Apple Signs Massive Deal for New Campus in Sunnyvale?
Silicon Valley Business Journal further reports that “The transaction is another sign – as if you need any more – of Apple’s tremendous expansion, potentially providing enough room for more than 3,000 workers”. These maneuvers by Apple would create a third campus for the company besides Cupertino and Sunnyvale.
Industry insiders also point out that Apple is undertaking lease and property purchase deals that suggest it will retain almost all of these offices and sites even after the company completes the spaceship campus. Terms of the deal couldn’t immediately be learned, but it’s believed that Apple has leased, not purchased, the project.

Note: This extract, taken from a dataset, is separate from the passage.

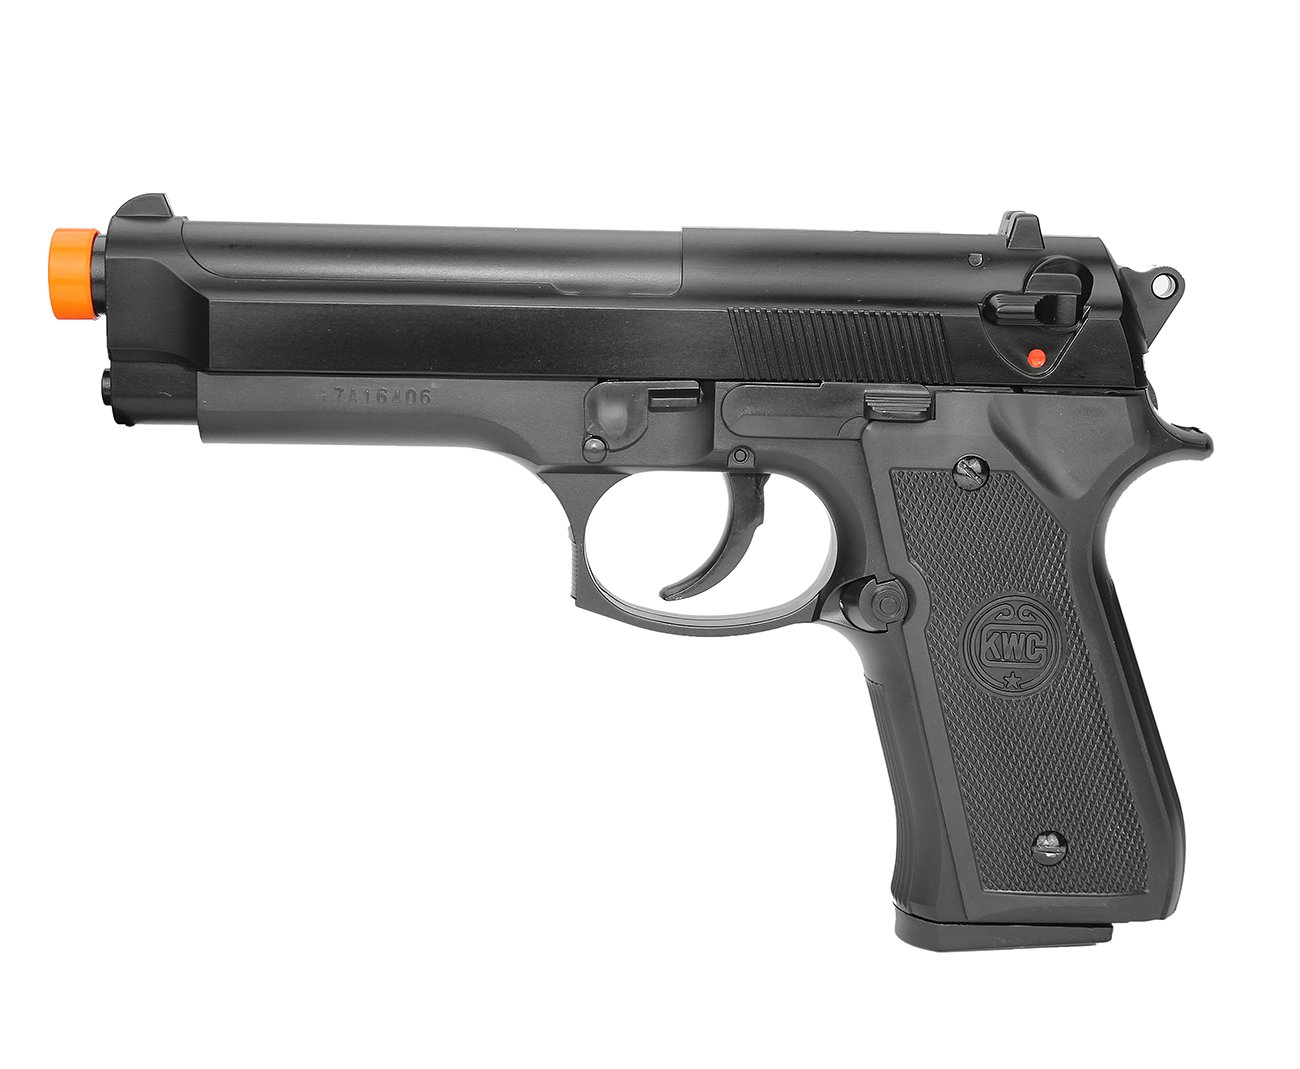 Pistola De Airsoft Beretta M92 Spring Cal 6.0 Mm Kwc

The large campus site in Sunnyvale would replace a 1970s business park with the futuristic looking six-story office campus, complete with a rooftop gardens and two miles of walkable paths.
The proposed campus, which is illustrated at Notanotherbox.com, features three connected main buildings surrounding a central courtyard that will be wrapped in a curved-glass skin that will flow around the building like a rolling wave.

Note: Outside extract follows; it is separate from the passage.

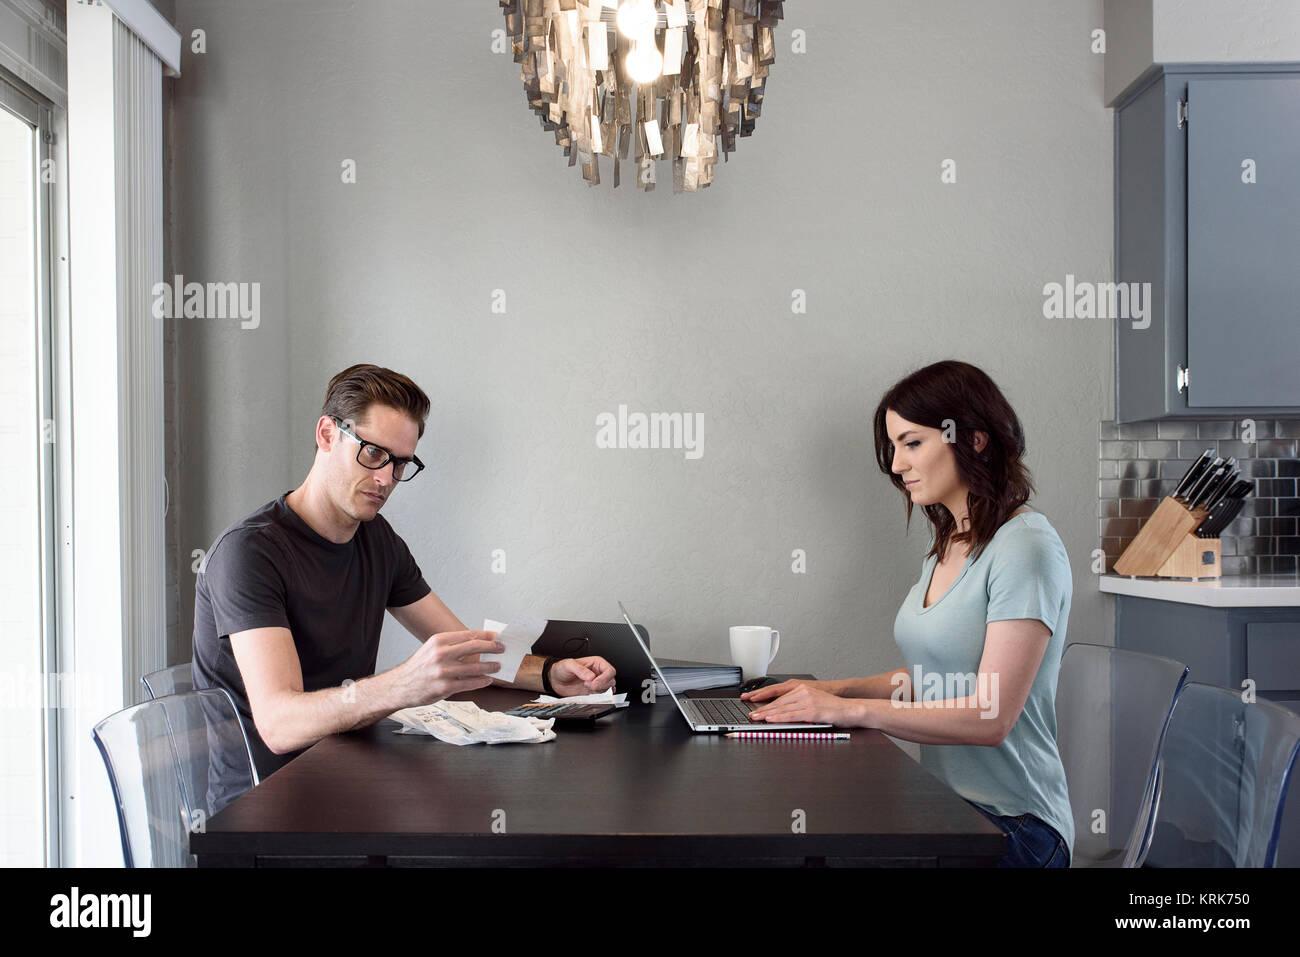 Caucasian man reading receipt while woman uses laptop - Stock Image

Above: Artist’s depiction of Apple’s planned new campus in Sunnyvale, California.
“We wanted something that was really different, lasting and interesting”, Scott Jacobs, Landbank’s CEO, told BizJournals in 2013 when the project was first proposed. The project was marketed by Steve Horton and Kelly Yoder of Cushman & Wakefield in partnership with Jeff Houston and Mike Charters of CBRE. The headquarters will be a curvaceous, 777,000-square-foot project at Central Expressway and Wolfe Road that’s expected to look like nothing else ever attempted in Silicon Valley. The notion wasn’t without skeptics, but in the end Jacobs’ bet paid off.